Village atteint par la banquise
Après deux semaines d'embâcle, la banquise nous a enfin semblé assez solide pour traverser les 3km jusqu'au village. Dès que la luminosité l'a permis, nous nous sommes faufilés entre des icebergs tabulaires, au nord de la route directe, afin de contourner des zones de glace trop fine. Il a fallu aussi guetter l'éventuelle réapparition du gros ours mâle aperçu la veille et dont les traces ont longé le bateau cette nuit. En cinquante minutes de marche, nous sommes arrivés sur la grève de Qikiqtarjuaq où s'est formé un chaleureux comité d'accueil qui a crée un petit embouteillage de quads, de pick-up et de piétons ! Nous avons été salué par les enfants, Mme la Maire, Sarah et Leelie qui nous ont invité chez eux pour prendre une douche. Nous avons apparemment gagné quelques galons en devenant les premiers à marcher sur la glace, à la fraiche ! Plusieurs ont observé la progression de nos silhouettes et se téléphonaient pour transmettre la nouvelle. Chacun nous félicite, nous souhaite un bon retour en ville et, comme toujours, plaisante : "Vous êtes toujours vivants ?".
On apprend aussi que les ainés ont parlé de nous à la radio locale, invitant la population à prendre soin de nous, à nous appeler quotidiennement car nous sommes "les voisins d'Aninatalik" (le nom du site d'hivernage, un endroit où se situent beaucoup de leurs souvenirs d'enfance et de chasse).
C'est vrai que chaque jour une personne nous appelait à la VHF, s'assurant que tout allait bien, pour nous renseigner sur l'état de la glace ou pour nous signaler un ours. On réalisera par la suite que beaucoup de monde a suivi nos conversations !
Nous apprécions cet esprit de communauté si fascinant et que les villes ont perdu. Les ainés, personnages très respectés, sont ceux qui insufflent cet esprit de partage et d'entraide. Maintenant que l'hiver est là, on nous promet visites en motoneige et très bientôt des chiens pour nous alerter de la présence d'ours.

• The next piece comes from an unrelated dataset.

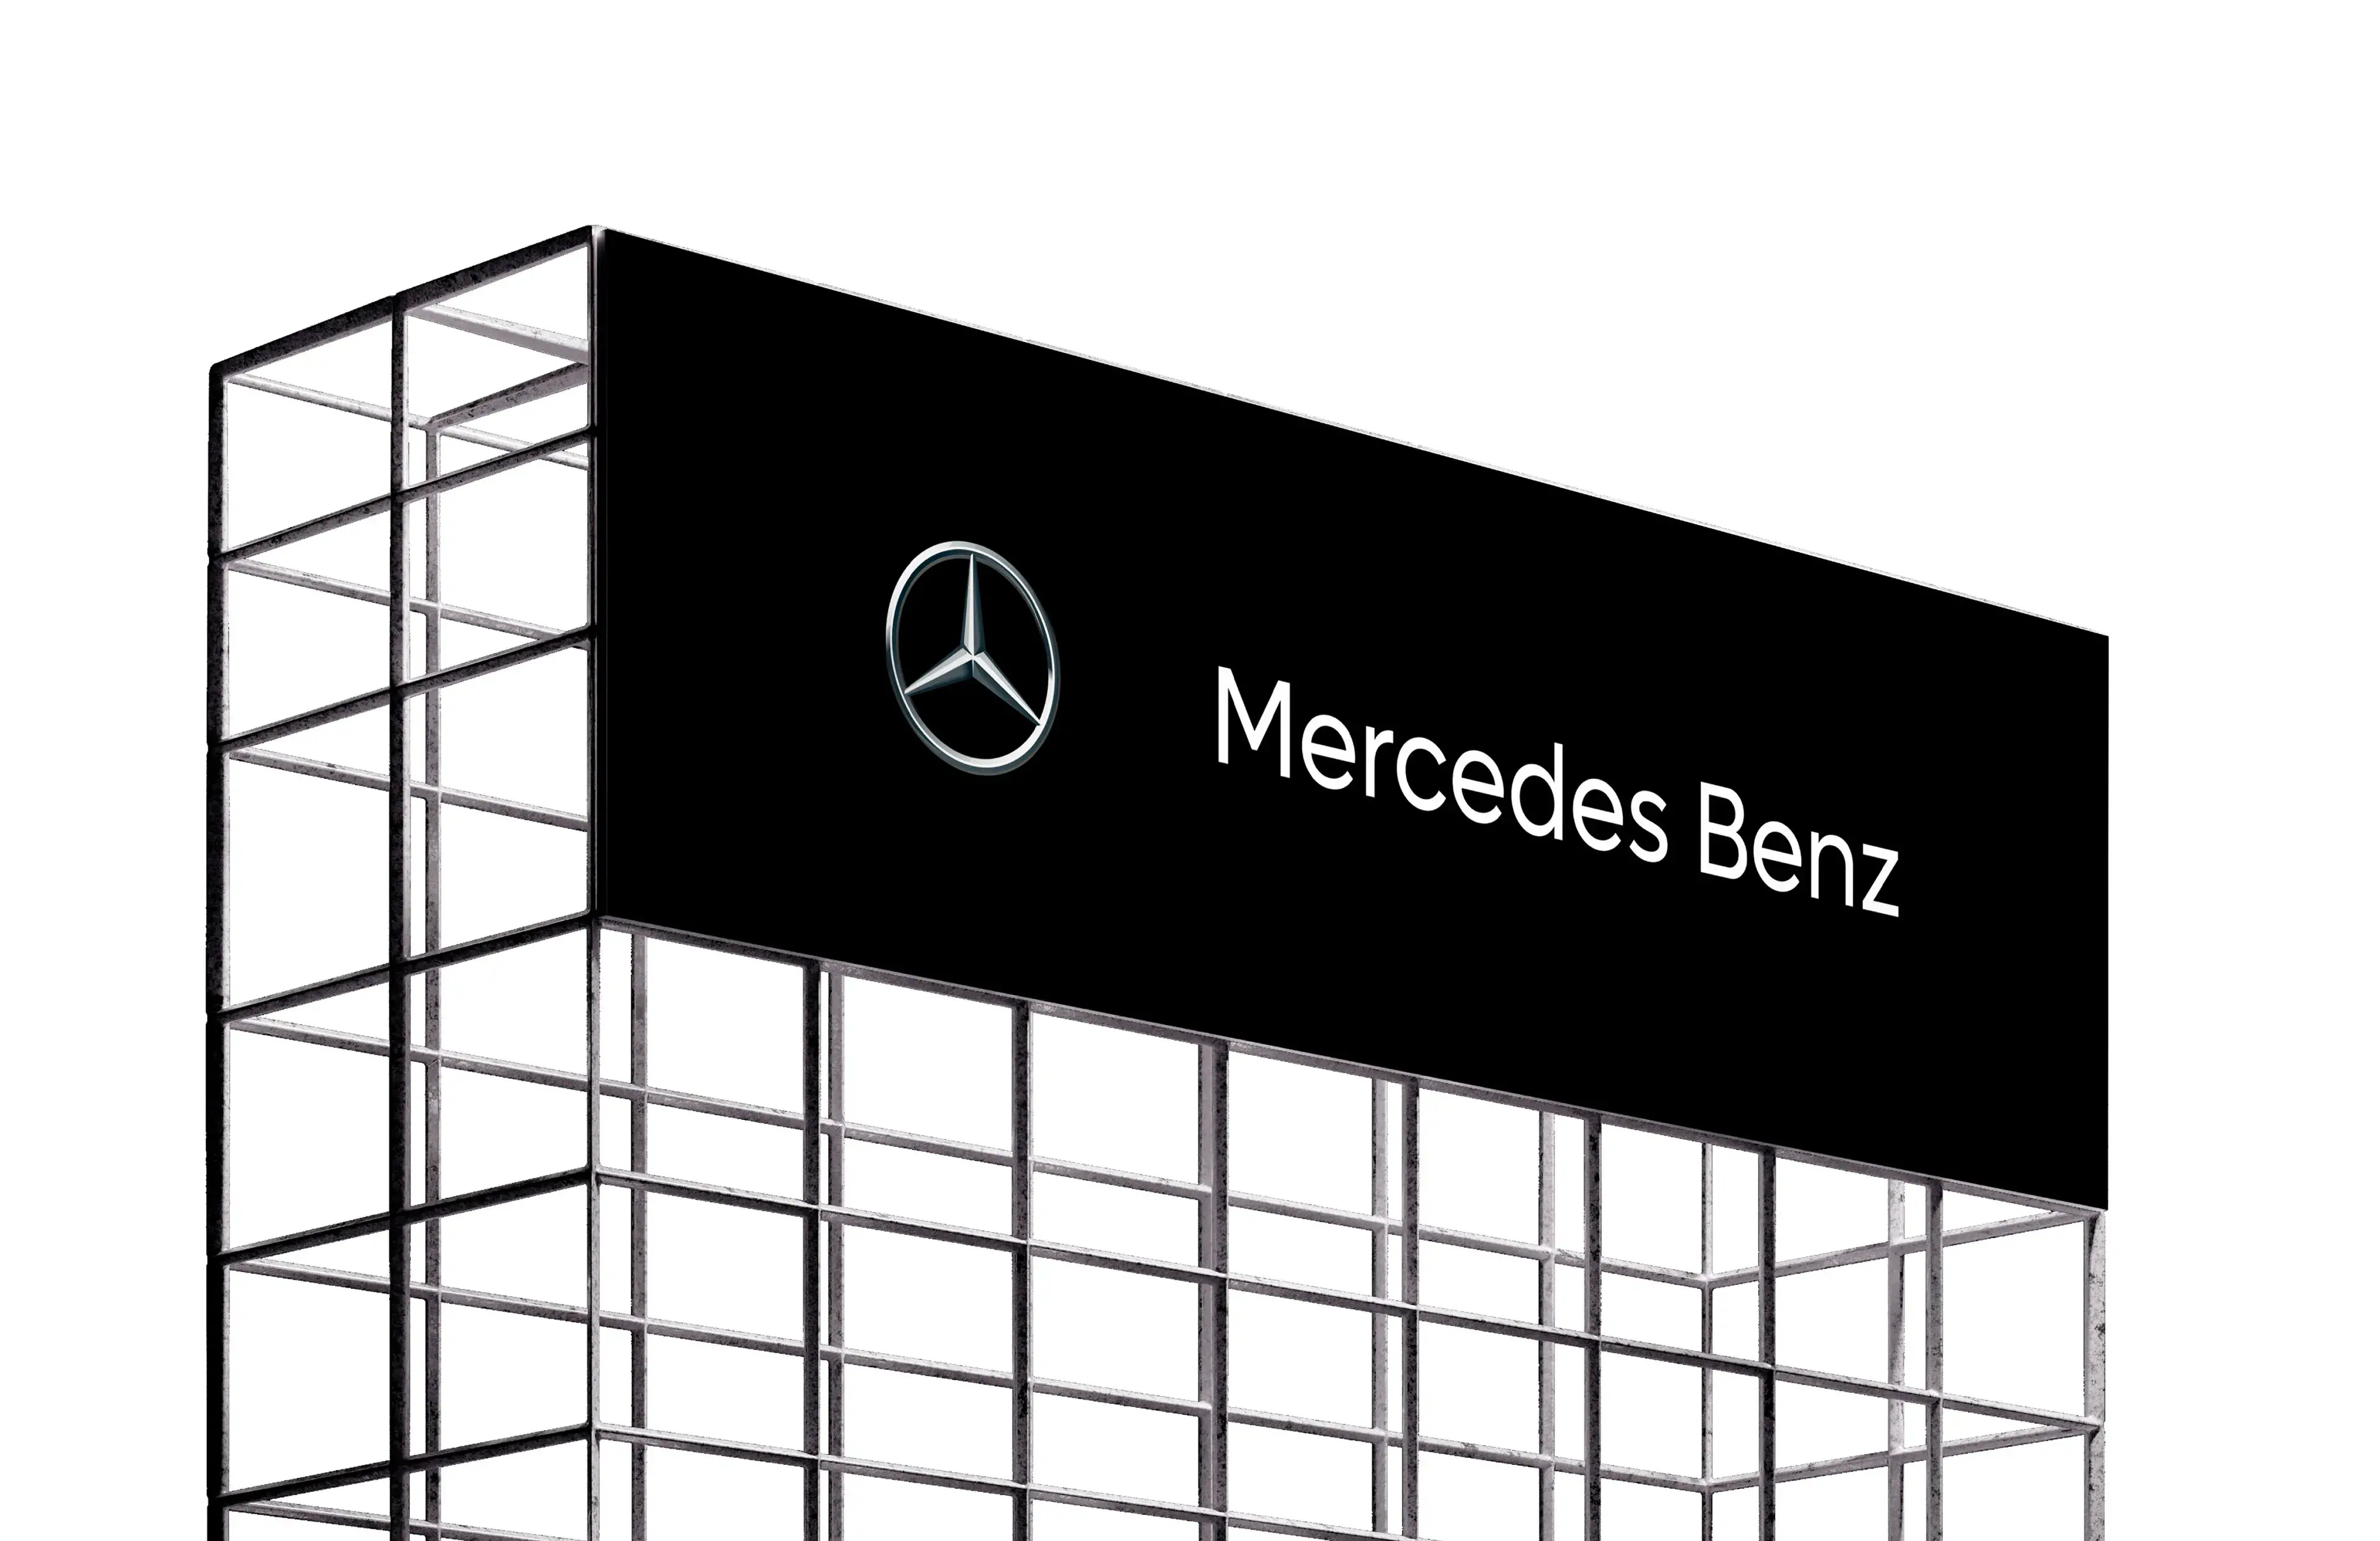 Mercedes-Benz GLC 300e Configurator - Vehicles

On nous a aussi confié un crâne d'ours à nettoyer, nous l'avons immergé sous le bateau pour que les crevettes le débarrassent de sa cervelle. Chaque jour, on doit donc entretenir le trou sous peine que la glace s'épaississe, et vérifier le travail des crevettes ! C'est sur ce crâne que nous pouvons récolter escargots de mer et oursins afin d'apporter un peu de fraicheur à nos assiettes. Gouter à leurs produits ou s'initier à leurs techniques procurent aux Inuits une grande fierté et semble les garants d'une bonne réputation.
Nous sommes maintenant à mi-parcours de notre séjour de gardiennage et à partir d'aujourd'hui, le soleil n'illuminera plus Qikiqtarjuaq. Il va demeurer derrière les montagnes de la Terre de Baffin jusqu'au retour d'Eric, France, Léonie et Aurore.